Brief Symptom Inventory
The BSI is a 53-item self-report psychiatric symptom inventory measuring 9 dimensions (Somatization, Obsessive-Compulsive, Interpersonal Sensitivity, Depression, Anxiety, Hostility, Phobic Anxiety, Paranoid Ideation, Psychoticism) plus 3 global indices including GSI. T-score ≥63 = clinical caseness. Derogatis & Melisaratos (1983).
The BSI is a validated 53-item self-report measure of psychological symptom distress across 9 dimensions (Somatization, OC, Interpersonal Sensitivity, Depression, Anxiety, Hostility, Phobic Anxiety, Paranoid Ideation, Psychoticism) plus 3 global indices. Derogatis & Melisaratos (1983).
What is the Brief Symptom Inventory?
The Brief Symptom Inventory (BSI) is a validated 53-item self-report symptom inventory developed by Leonard Derogatis and Norman Melisaratos (1983) as a shortened version of the SCL-90-R. Respondents rate each symptom on a 5-point distress scale (0 = not at all to 4 = extremely) for the past seven days. It is one of the most widely used psychiatric symptom assessment tools in clinical trials, outcome monitoring, and psychological research.
The BSI produces scores on 9 symptom dimensions and 3 global indices. The Global Severity Index (GSI), the mean of all 53 items, is the single best indicator of current distress level and psychiatric caseness. Scores are interpreted using age- and gender-referenced T-scores (mean=50, SD=10); a T-score ≥63 on the GSI (or ≥2 dimensions at T≥63) indicates clinical caseness.

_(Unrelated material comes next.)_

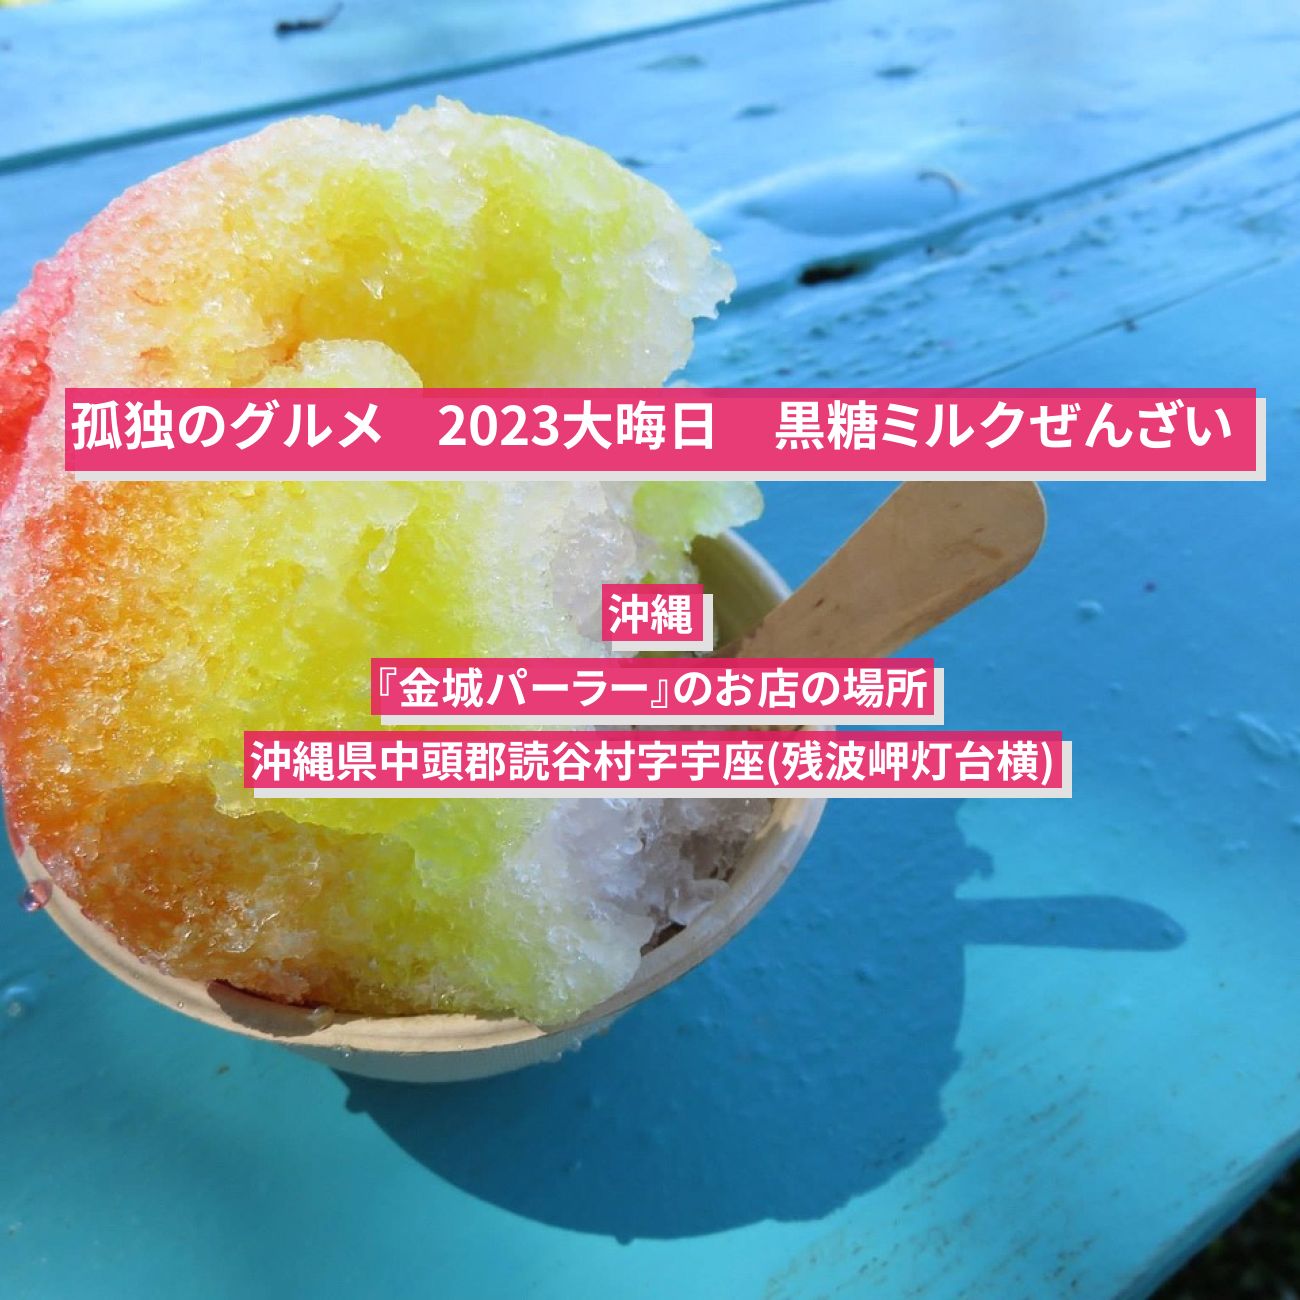 【孤独のグルメ 2023大晦日】黒糖ミルクぜんざい (かき氷) 沖縄『金城パーラー』のお店の場所

The BSI-18 is a brief 18-item version covering only Somatization, Depression, and Anxiety with a GSI, designed for medical settings and population screening. Both BSI and BSI-18 are published by Pearson Assessments and require purchase for clinical and research use.
Interpreting BSI T-Scores
BSI dimension and global index scores are expressed as T-scores normed against a published adult reference sample (mean = 50, SD = 10). Because the BSI is a multidimensional profile instrument rather than a unidimensional screener, there are no literature-supported mild/moderate/severe total-score bands. The validated threshold is a single caseness criterion.
Clinical caseness is met when either of the following conditions is satisfied (Derogatis & Melisaratos, 1983; Michel et al., 2024):
- GSI T-score ≥ 63, or
- T-score ≥ 63 on two or more of the nine symptom dimensions.

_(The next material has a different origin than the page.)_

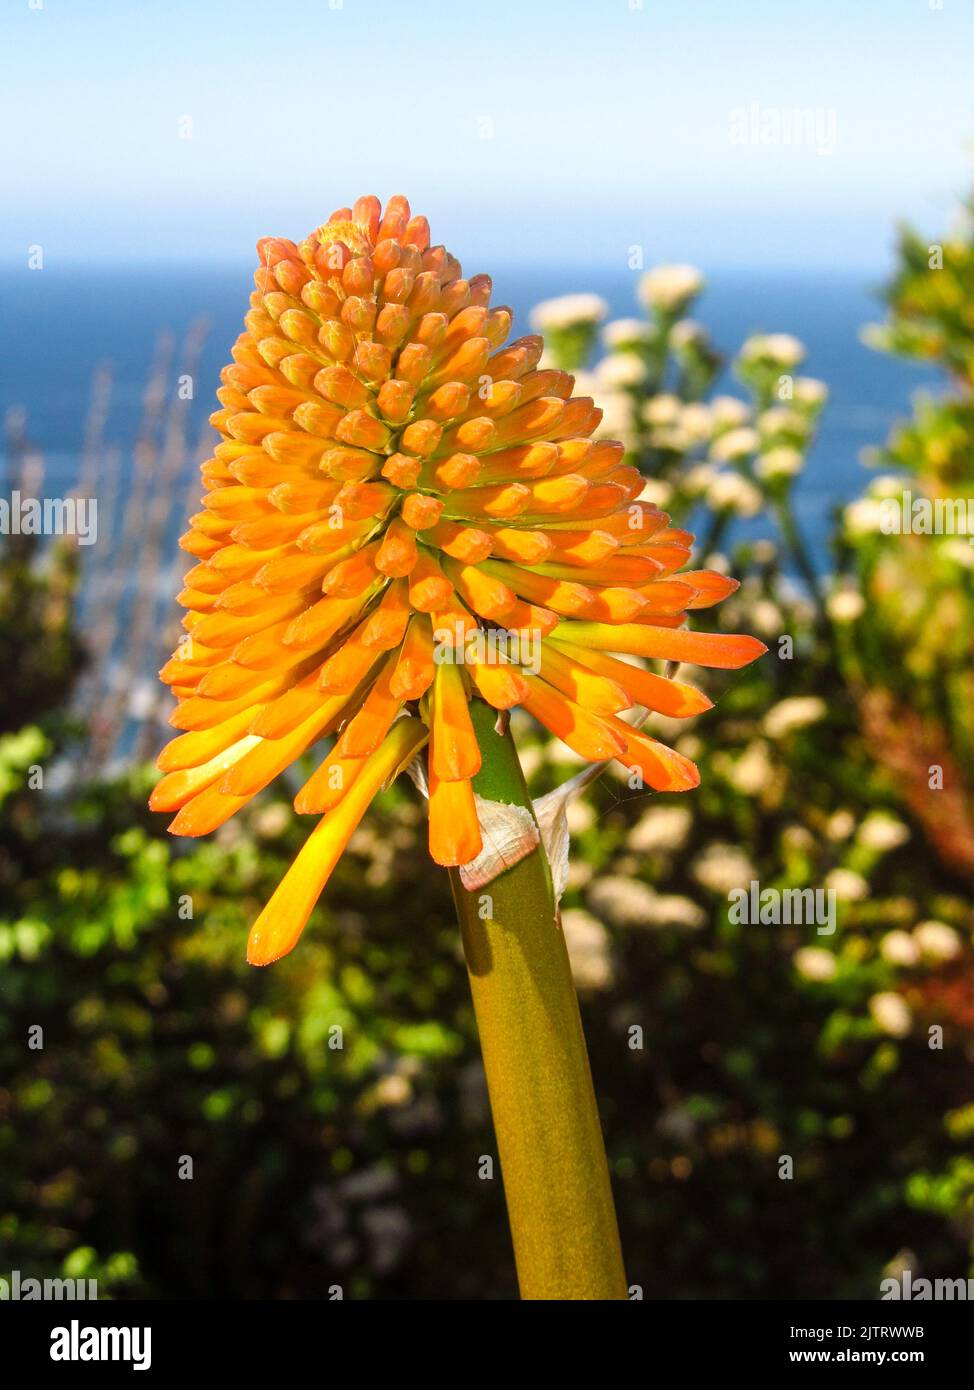 Die orangefarbene Blütenknospe eines Cape Poker, Kniphofia Uvaria, wächst zwischen den Fynbos auf den Klippen der Tsitsikamma-Küste Südafrikas. Stockfoto

A T-score of 63 corresponds approximately to the 90th percentile of the normative outpatient sample and signals that the level of psychological distress warrants further clinical evaluation. Scores below this threshold should still be interpreted within clinical context — the caseness rule identifies a clinically meaningful threshold, not a clean diagnostic boundary.

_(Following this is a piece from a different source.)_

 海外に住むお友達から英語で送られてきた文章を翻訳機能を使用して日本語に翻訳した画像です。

Separate normative tables are available for adult outpatient, adult non-patient (community), and adolescent non-patient samples. Choosing the appropriate norm group matters: the same raw score can yield different T-scores when referenced against outpatient versus community norms.
BSI Nine Symptom Dimensions
Each dimension produces a raw score (sum of item ratings ÷ number of items in that dimension) and a T-score relative to the normative sample. Dimension T-score ≥ 63 on two or more subscales, alongside GSI T ≥ 63, supports the clinical caseness determination.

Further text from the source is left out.